**Task goal**:
Copy out the listing below exactly, please, and skip any pictures.

**Supplied material**:

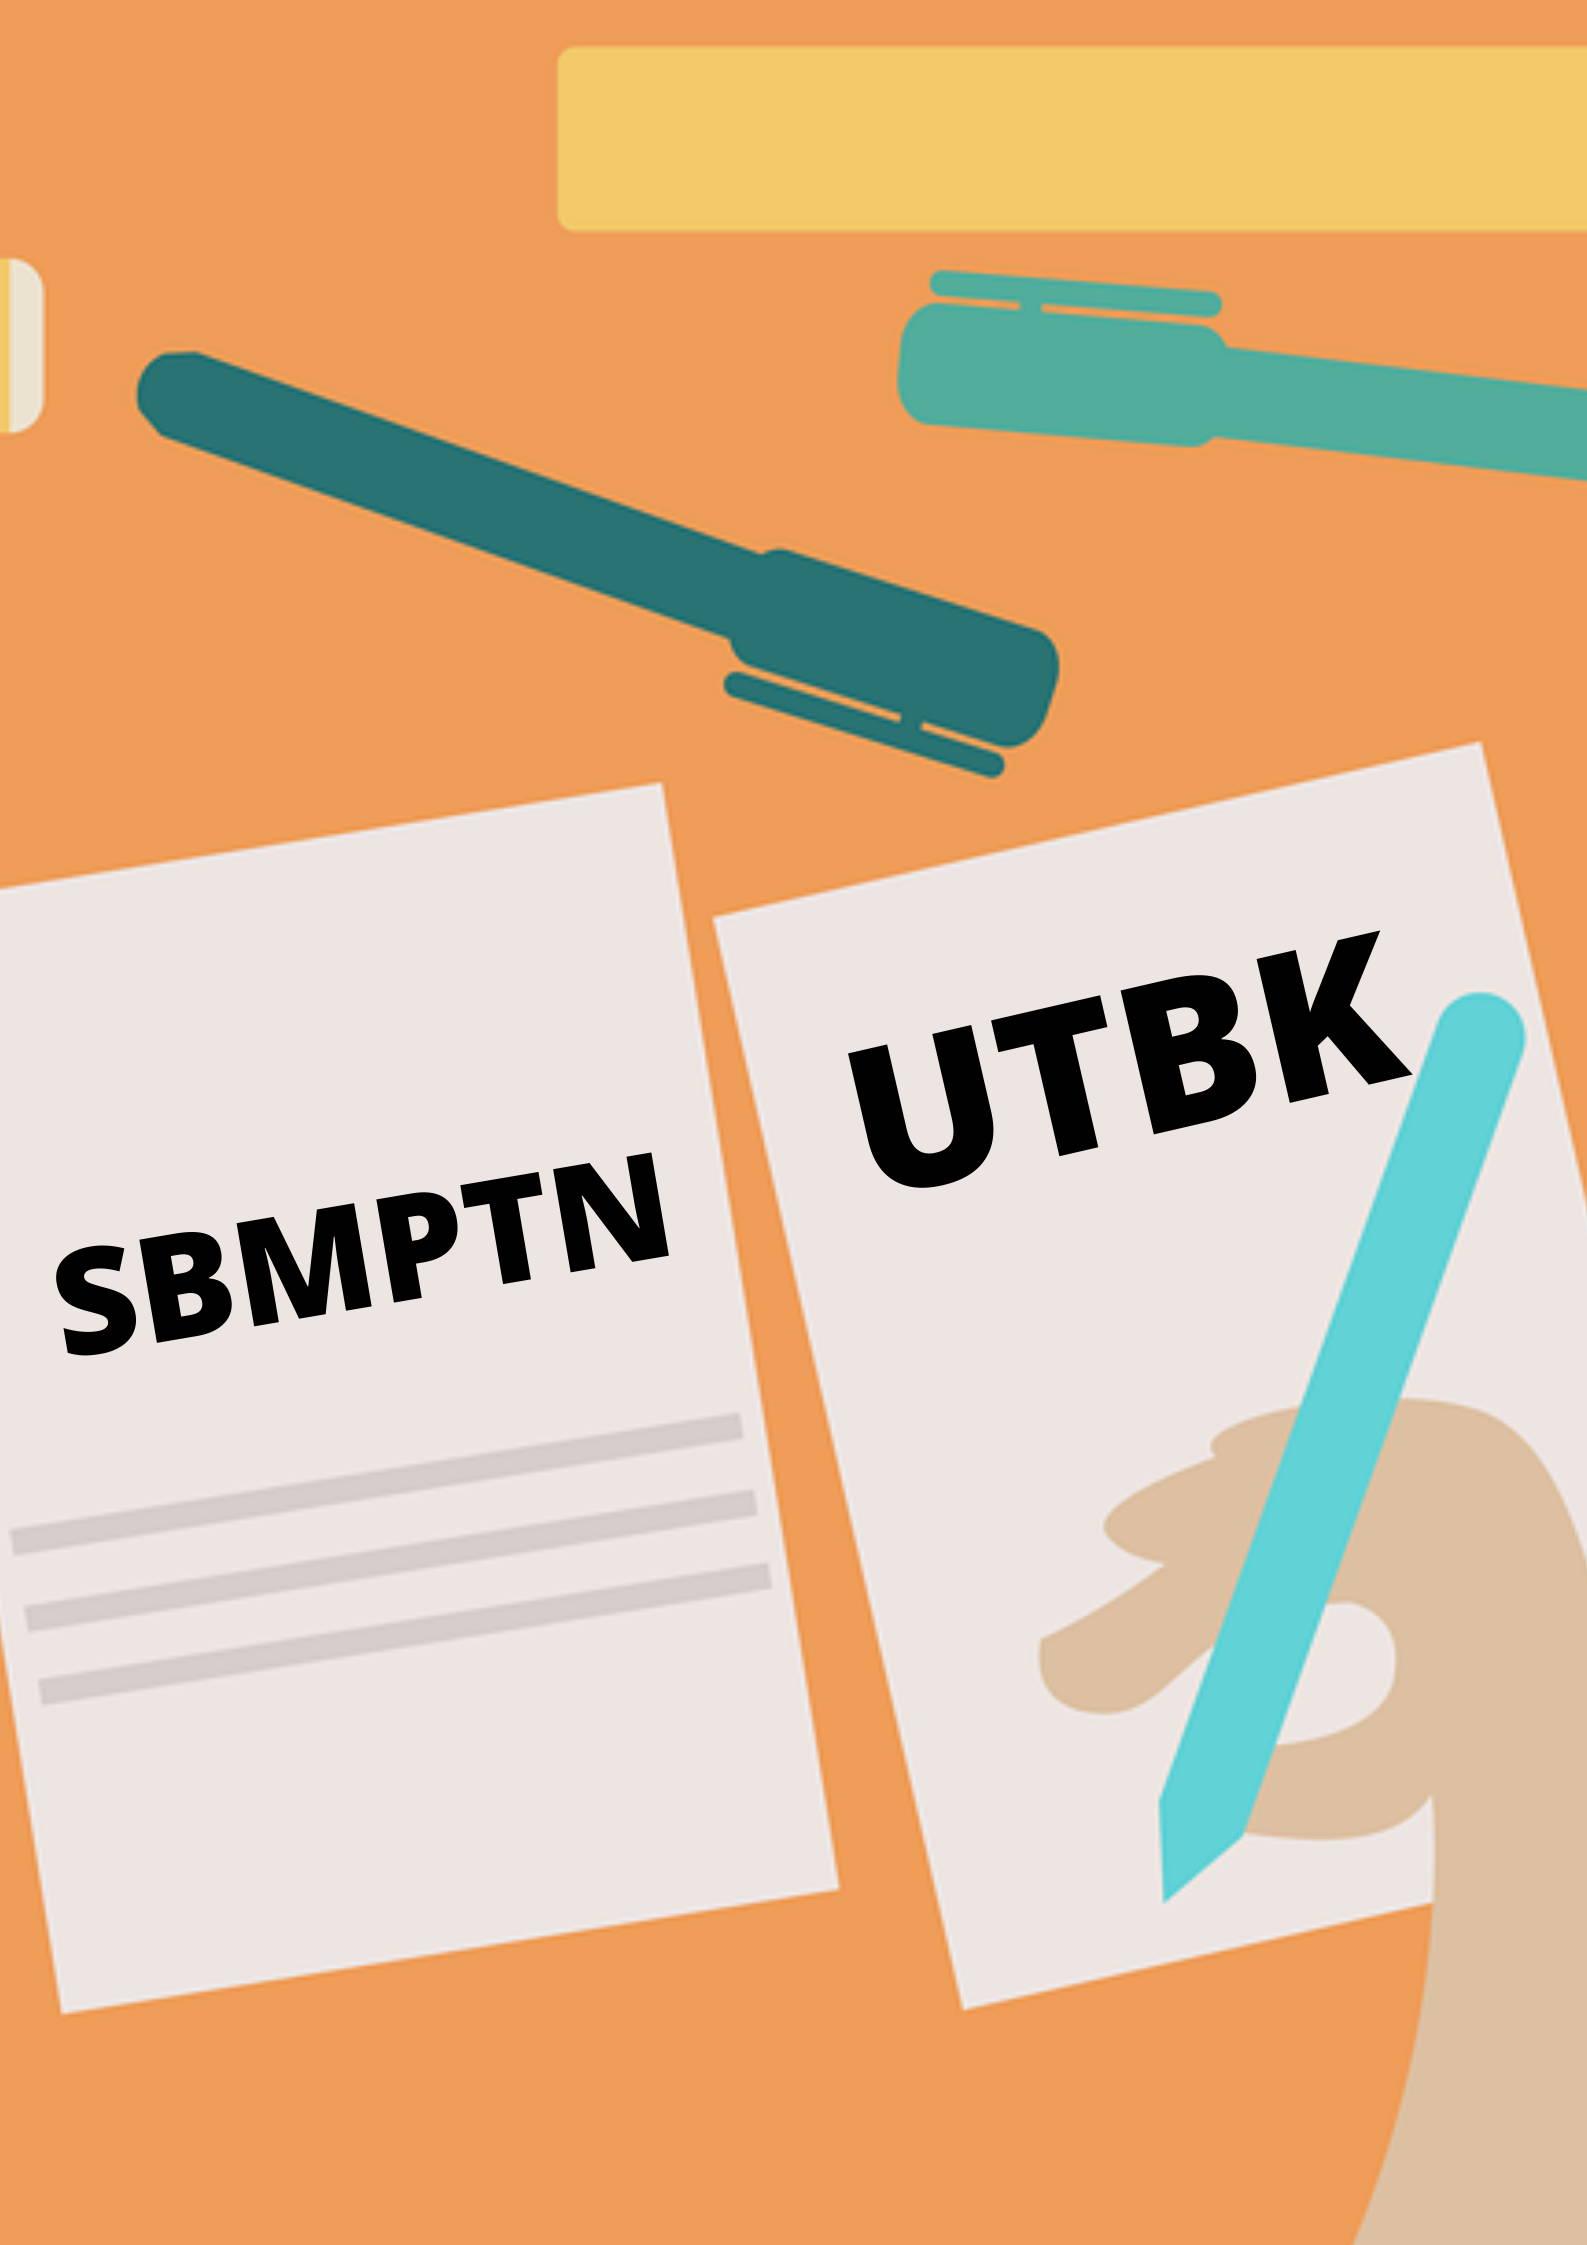 Gambar ilustrasi tes UTBK dan SBMPTN
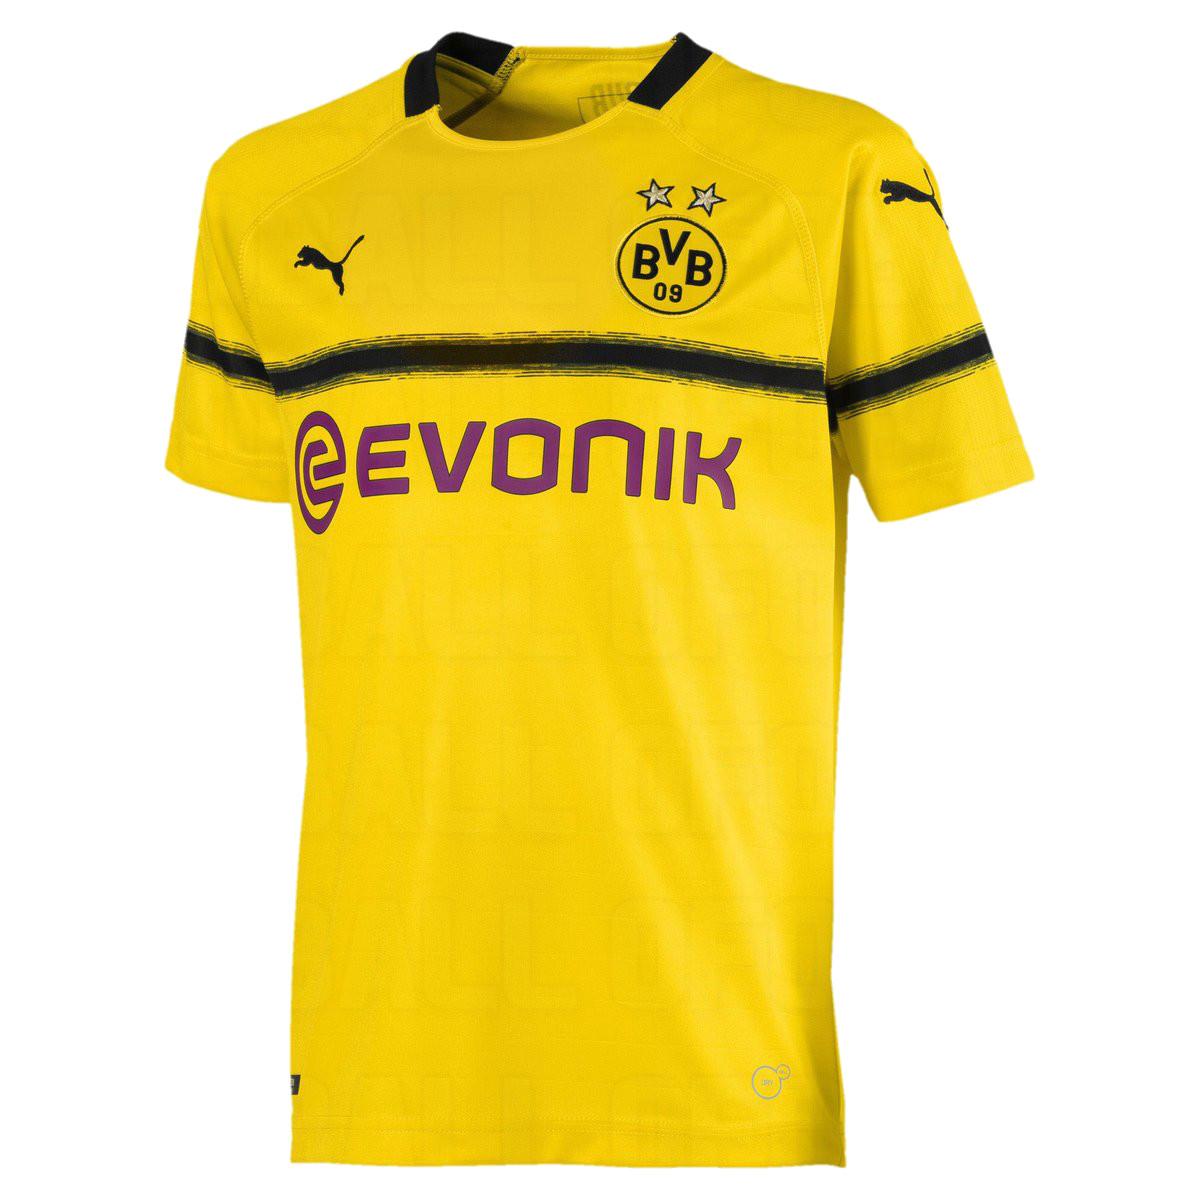 Dortmund 2019 maillot football ligue des champions 18 19 BVB
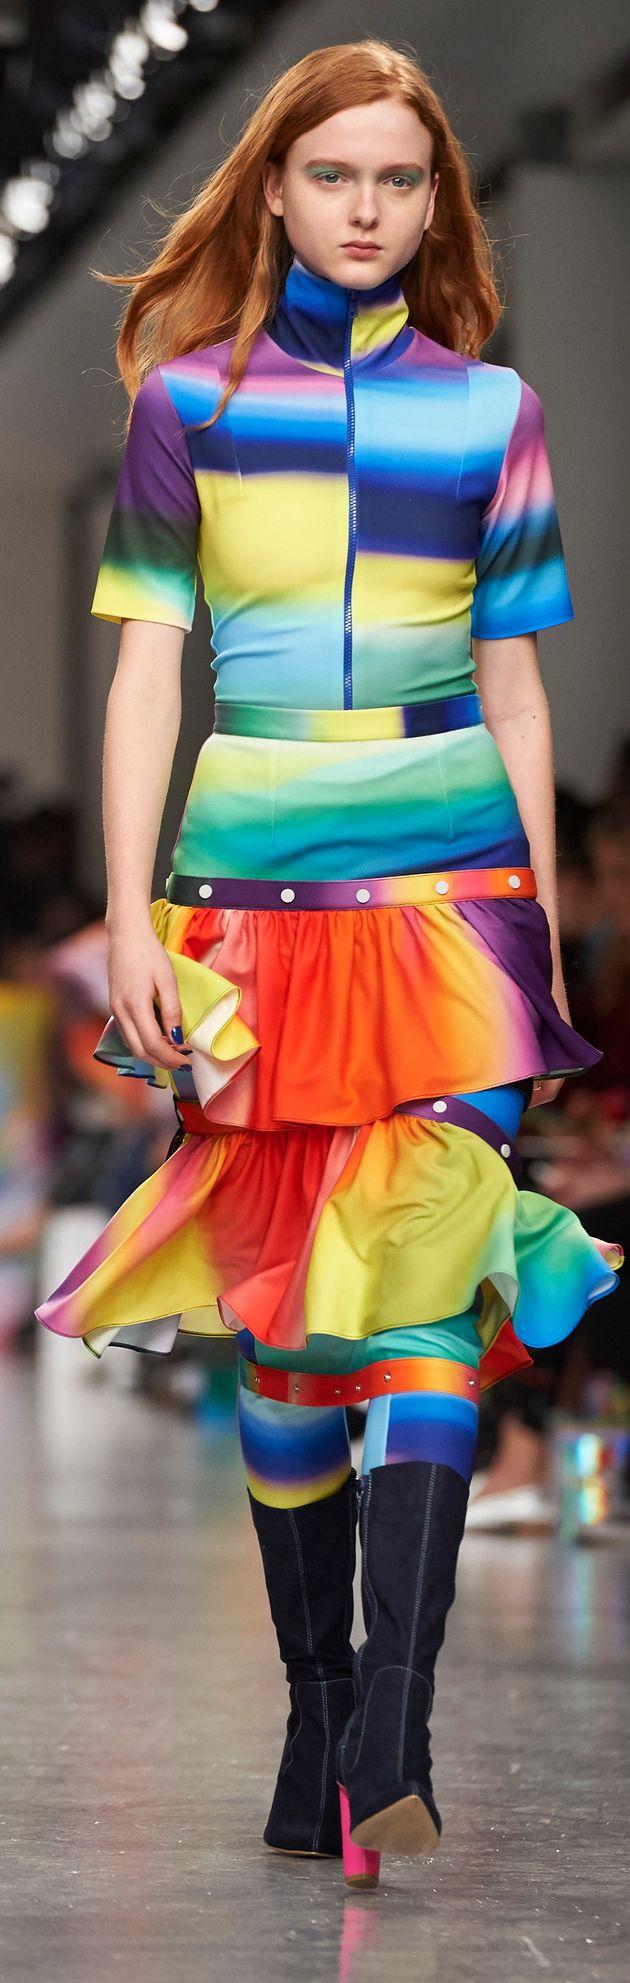 London Fashion Week 2017: Post-It Notes Made Their Runway Debut At Fyodor
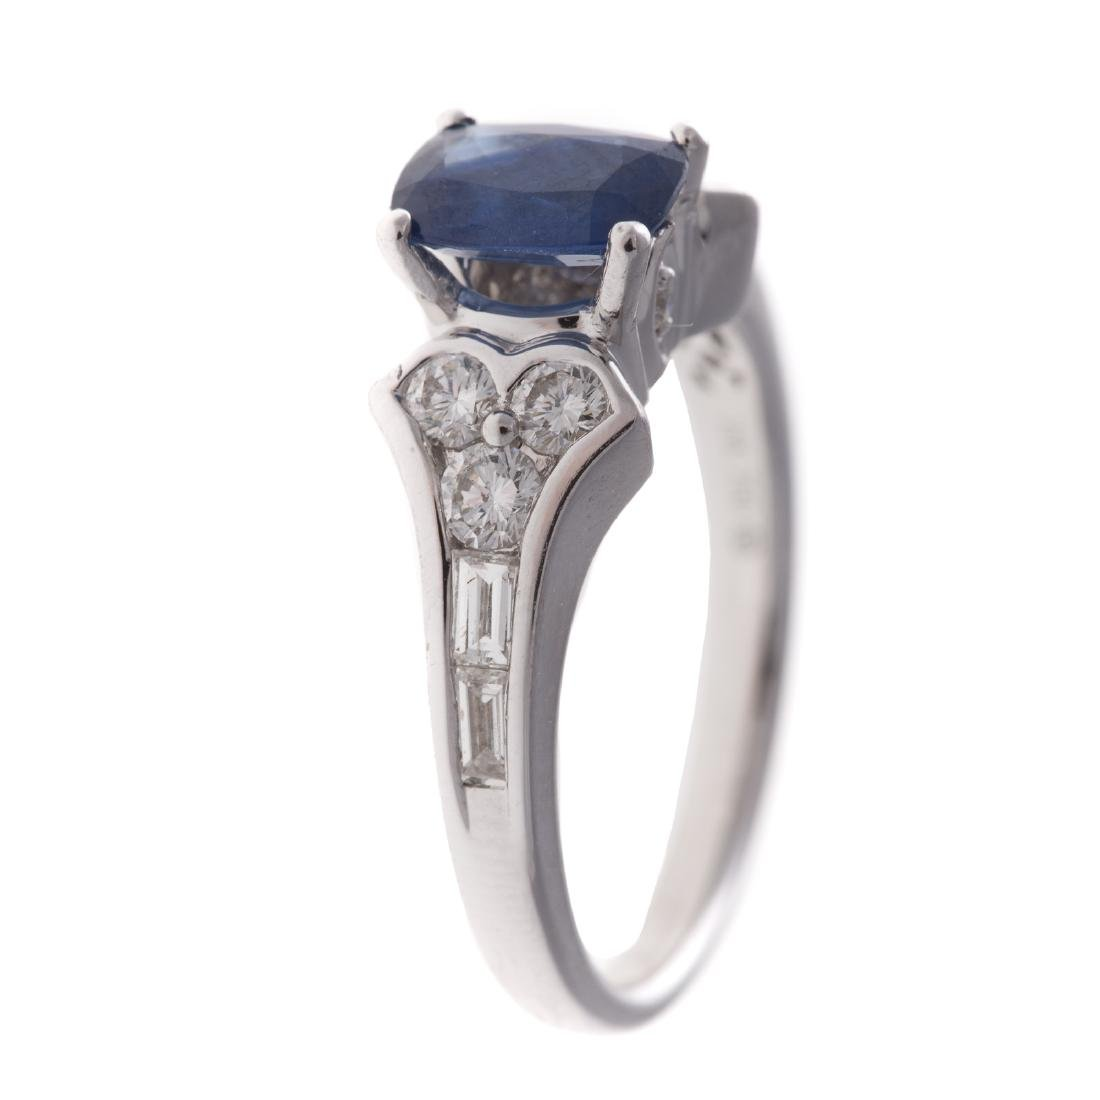 A Lady's 18K Sapphire & Diamond Ring - 2

**Output below**:
 Gambar ilustrasi tes UTBK dan SBMPTN
 Dortmund 2019 maillot football ligue des champions 18 19 BVB
 London Fashion Week 2017: Post-It Notes Made Their Runway Debut At Fyodor
 A Lady's 18K Sapphire & Diamond Ring - 2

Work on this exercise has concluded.